Fig. 8 3D FFT acceleration module architecture. (a) Dual HBM memory banks (left/right) with interleaved data blocks (white/orange/blue/yellow) and virtual channel interfaces. (b) Central BRAM interface layer containing 8 BRAM modules (4 KB each), data-loading module (512-bit bus), and R/W controller with arbitration logic. (c) Parallel FFT processing array with 16/32 FFT units (4 clusters of 4 units each) implementing Radix-4 butterfly networks at 300 MHz. (d) Bottom-stage convolution and data-conversion pipeline performing 6-step mixed-precision processing (FP32 to INT8). (e) Complete data flow path: HBM memory to BRAM cache to FFT array to convolution module and back to HBM.
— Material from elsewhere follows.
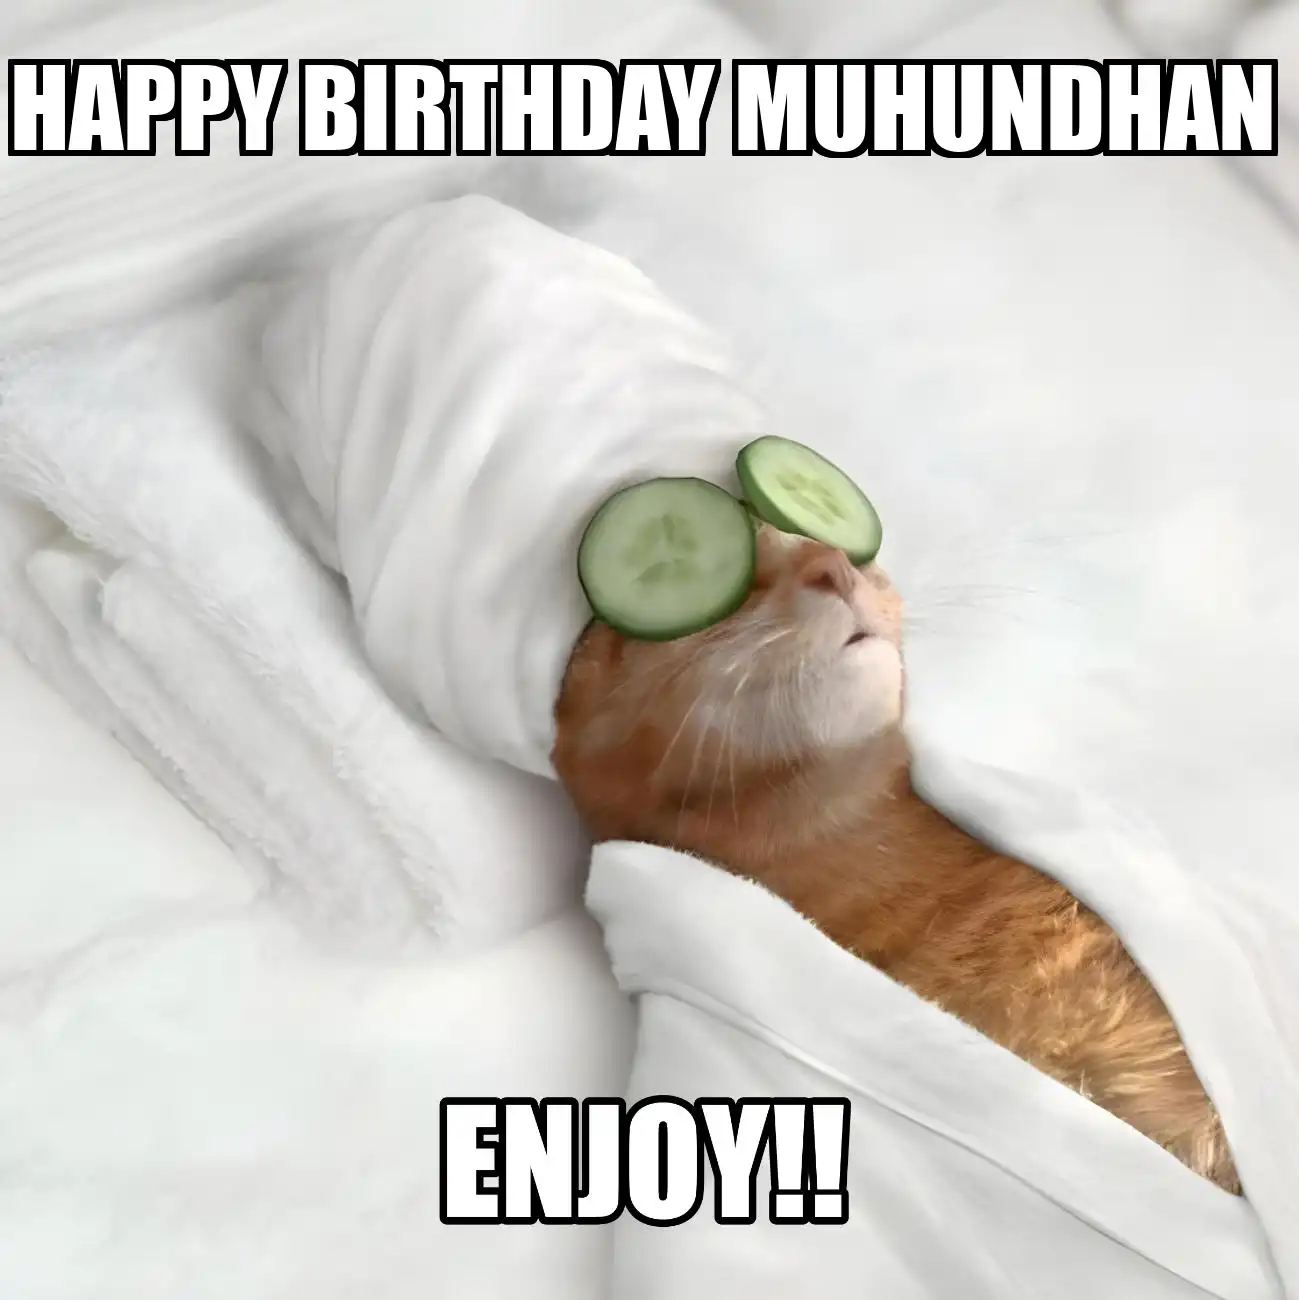 Happy Birthday Muhundhan Enjoy Cat Meme

Table 1 Implementation of 3D FFT computation module using Xilinx Virtex UltraScale+ VU37P accelerator card. The module completes data reading, 3D FFT computation, convolution, inverse transform, and data storage. Pipelined mode is configured for testing. Input data includes single-precision floating-point matrices of dimensions 32 × 32 × 32 and 64 × 64 × 64

	Model	Clock frequency	32 × 32 × 32 (µs)	64 × 64 × 64 (µs)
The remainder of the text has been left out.